А надо что? На точку зренья
уметь подняться на волне
не фактов, но воображенья.
Все ищут правду, а по мне,
смотреть в упор на эти вещи –
род близорукости. Увы,
не всё то золото, что блещет,
но то, что взял из головы, –
и дети скажут: то – от Бога.
Глядеть на стол и думать: стол –
ума, я думаю, не много.
Живи, коль к людям ты пришел,
как люди. Если независим,
поэт всегда не ко двору,
однако мудрость – в компромиссе:
не принимай, но знай игру,
ты вещь в себе, но в обращенье…
Поэт
Ну, я пойду.
Редактор
Что это вдруг?
Поэт
Да так… погрелся в помещенье –
и хватит.
Редактор
Если недосуг,
вот рукопись вам. Захотите
народу послужить строкой –
договоримся, заходите.
Поэт
А нет?
Редактор
Гуляйте, дорогой.
1972
* * * («Отпела, отплясала и прошла…»)
Отпела, отплясала и прошла
поэзия гармони деревенской.
А как высоко голову несла
в запевке вологодской и смоленской.
До петухов, бывало, топоча,
как разливалась ливенкой и хромкой,
и свешивалась с левого плеча,
умея быть и тихою, да звонкой.
Не то беда, что весельчак не тот,
что табунка не слышно у скамейки,
а то, что деревенский коновод
и во поле поет от батарейки.
А если где и встретишь смехача,
– Сыграй, – попросишь сукиного сына, –
плечами поведет… и – Ча-ча-ча! –
кудерьками тряхнет, и – Арлекино.
1972
* * * («Мы встретились на пустыре…»)
Мы встретились на пустыре
подальше от спутников зорких
на некогда школьном дворе,
а нынче собачьих задворках.
Крапива и чертополох.
Так вот где сказать досвиданья
тому, что не вышло!.. и вздох:
– Здесь выстроят новое зданье!..
И больше ни слова, но в том,
что было за этим так живо…
– Подумаешь, зданье – не дом, –
сказал я, – к тому же крапива…
…………
…………
…………
…………
И долго мы так о своем
молчали, глядели на доски,
на окна в крестах, на пролом,
где рвали гитару подростки.
Без драм обойдемся и струн!
Когда-нибудь, гладя болонку,
нащупаешь колкий колтун,
и вспомнишь, и вынешь гребенку.
Никто никому не помог
из чувства тоски и неволи.
А тот, кто всегда одинок,
не в этой нуждается школе.
1976
* * * («Черемуха в овраге. Соловей…»)
Черемуха в овраге. Соловей.
Благоухает та, а этот свищет.
Душе довольно простоты своей,
которая сама с себя и взыщет.
Я, проходя, сперва подумал: Фет,
представил мельком барский пруд, беседку,
но вспомнил и свое: велосипед,
тетрадку в клетку, девочку-соседку.
Я ей писал записки, от чернил
синели пальцы. А она краснела.
Как я несчастлив! Как я счастлив был
своим несчастьем! Но не в этом дело.
А дело в том, что перышко с крыла
в те дни мне ангел бросил для отваги,
а по садам черемуха цвела,
и кто-то щелкал по ночам в овраге.
Что девочка умчалась, так о ней
и слуху нет. А перышко осталось.
Легчайшее, как думал дуралей,
да тяжелей, чем думал, оказалось.
Да дух остался, нет, не аромат,
а дух, который веет бесталанно
над тем пиитой, и на поздний взгляд –
единственный свидетель, вот что странно.
1982
* * * («Слаба надежда, но, быть может, тот…»)

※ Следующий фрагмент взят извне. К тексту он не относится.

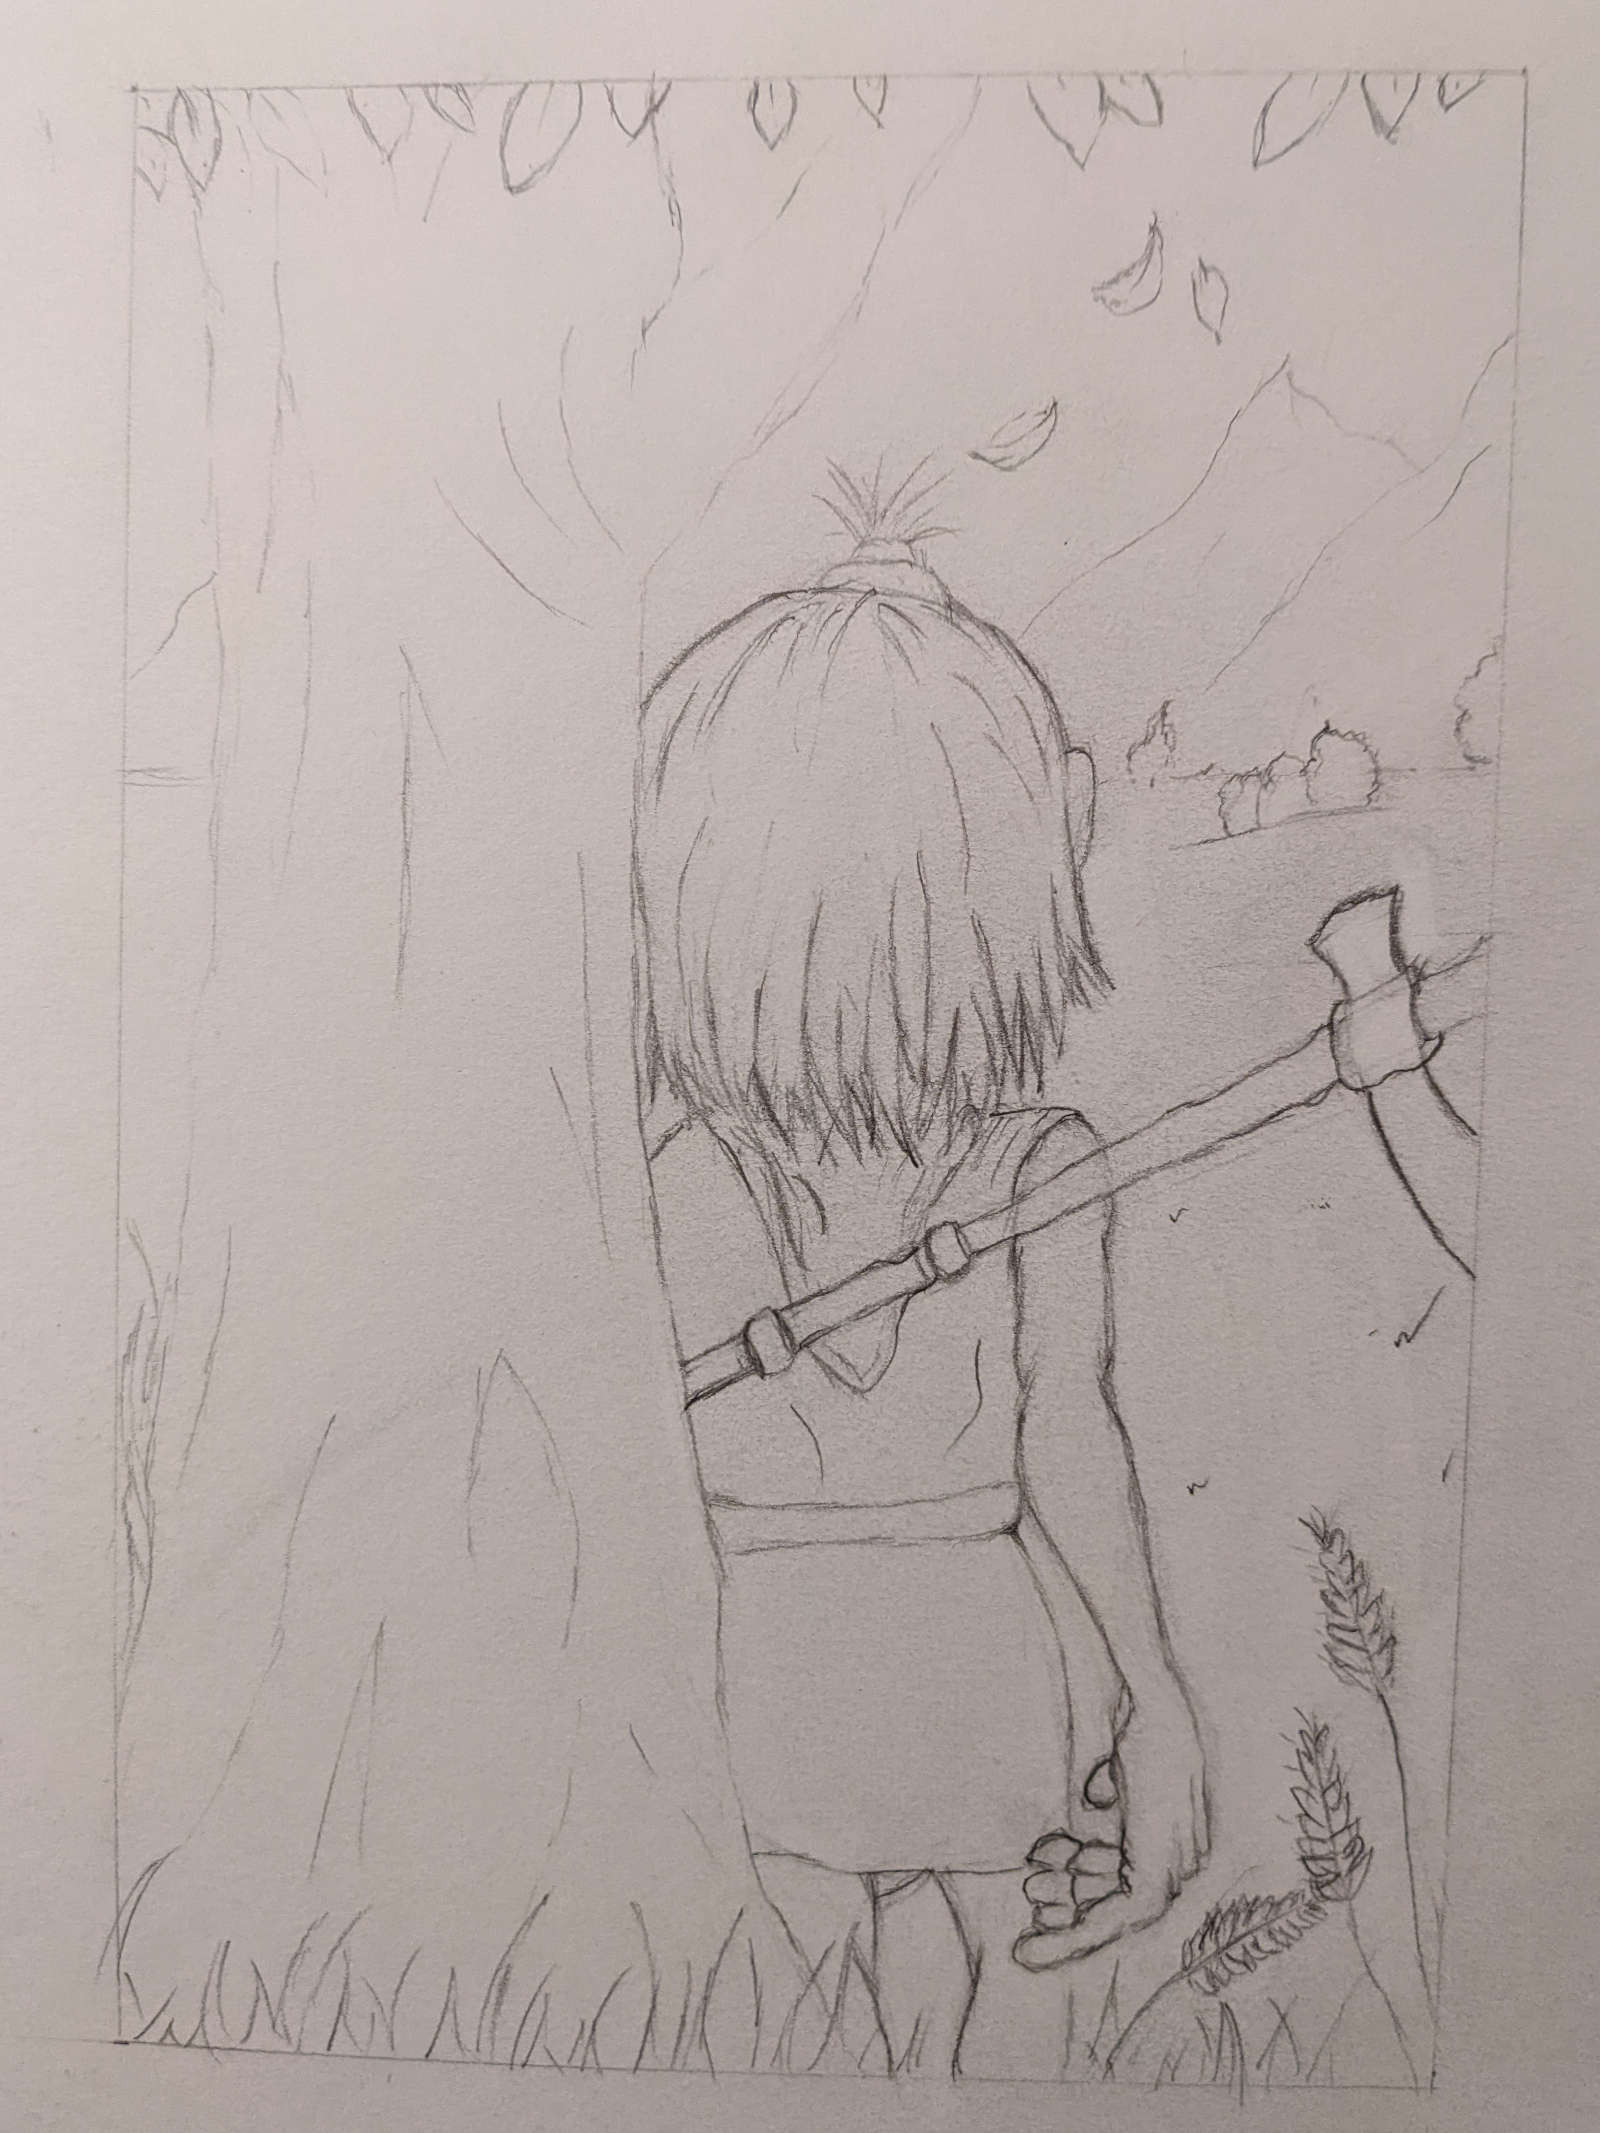 Boy standing in front of tree, looking beyond a field of grass toward mountains. Pencil sketch.

Слаба надежда, но, быть может, тот,
кто в завали журнального комплекта
проводит пересортицу, найдет
мои стихи и, может быть, тот некто
в макулатуру их не отнесет
для очищенья стен и интеллекта,
а соберет под общий переплет
не в виде книги даже, а конспекта, –
кто знает: нить суровая и клей –
не знаки ли судьбы: в век масскультуры
стать книжкой небольшой, но тяжелей,
чем двадцать килограмм макулатуры?
1965
* * * («Три раза в году цветет тамариск…»)

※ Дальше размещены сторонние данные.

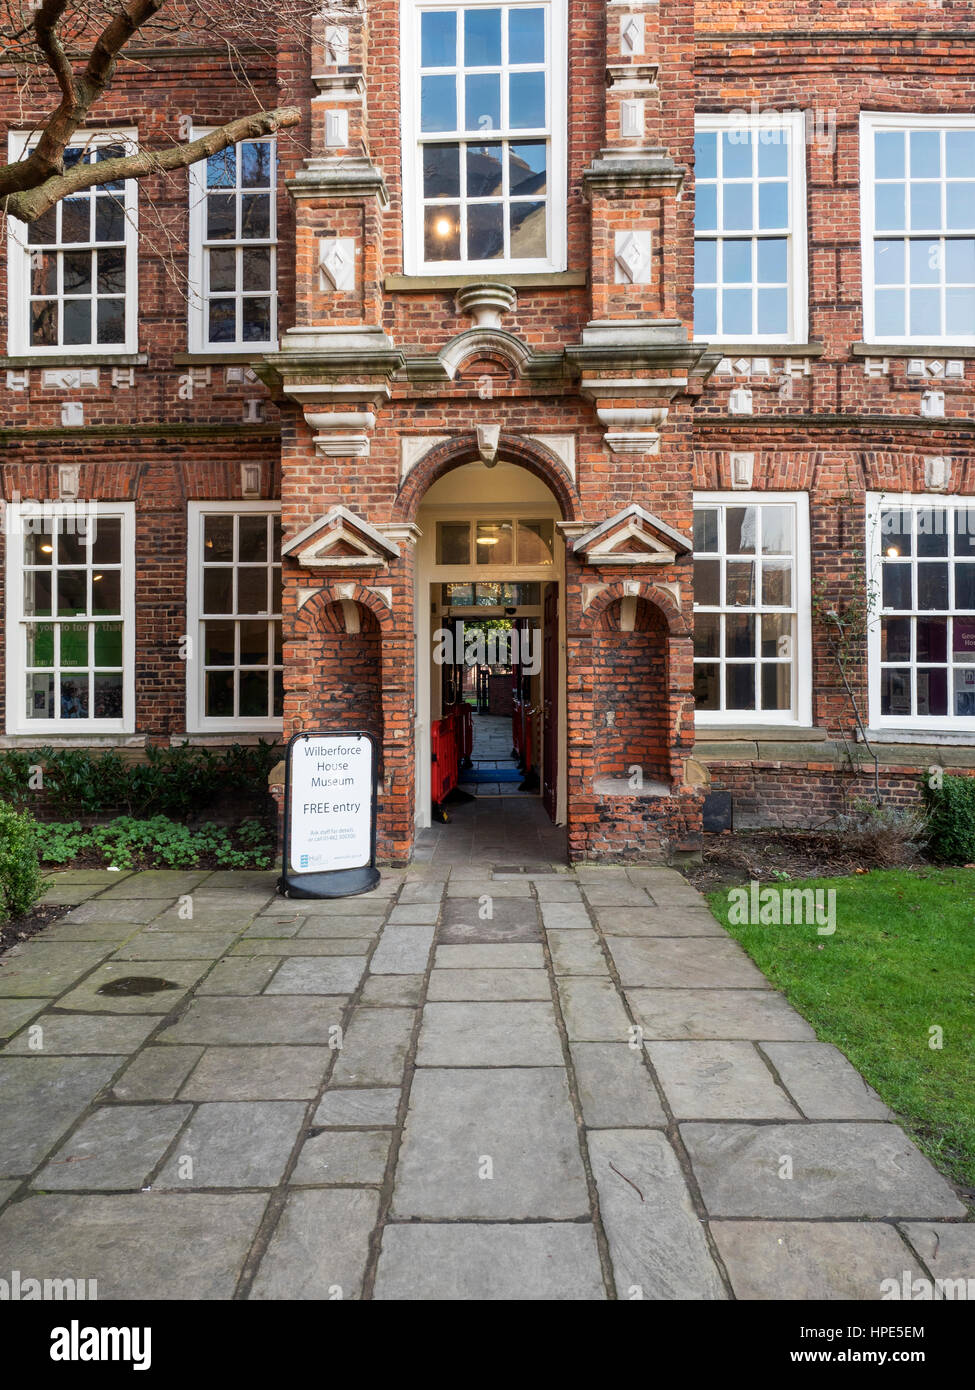 Wilberforce House Museum in Hull Yorkshire England Stockfoto

Три раза в году цветет тамариск
и только один – джуда,
от этих сухих сумасшедших брызг
кипит зеленей вода,
и солнцем каждый листок пригрет,
и зной, да такой, в тени,
что если ты хочешь сказать мне нет,
то лучше повремени.
Пусть зной спадет, и падет роса,
и жук пролетит ночной,
и вспыхнут холодные небеса
над нами, тобой и мной,
и к тамариску прильнет джуда,
и грянет, да так, с ветвей,
что если ты можешь сказать мне да,
то лучше сказать скорей.
1982
* * * («Вот женщина – и глаз не скосит…»)
Вот женщина – и глаз не скосит,
и не отшутится всерьез,
но шарф за горло перебросит –
и жизнь пойдет наперекос.
Придумщица и фантазерка,
и пальцем не пошевельнет,
но глянет холодно и зорко
и всю обыденность сметет.
Пройдет – и море взбудоражит,
барашки двинет на песок,
оборотится вдруг – и ляжет
волна смиренная у ног.
И, видит Бог, порвешь все путы
и мелочный стряхнешь уклад
из-за единственной минуты,
когда она опустит взгляд.
И если тайной друг о друге
сведет вас где-нибудь двоих,
ты стиснешь руки ей – и руки
в руках останутся твоих.
1974
* * * («…не может быть! – и сердце в колотьбе…»)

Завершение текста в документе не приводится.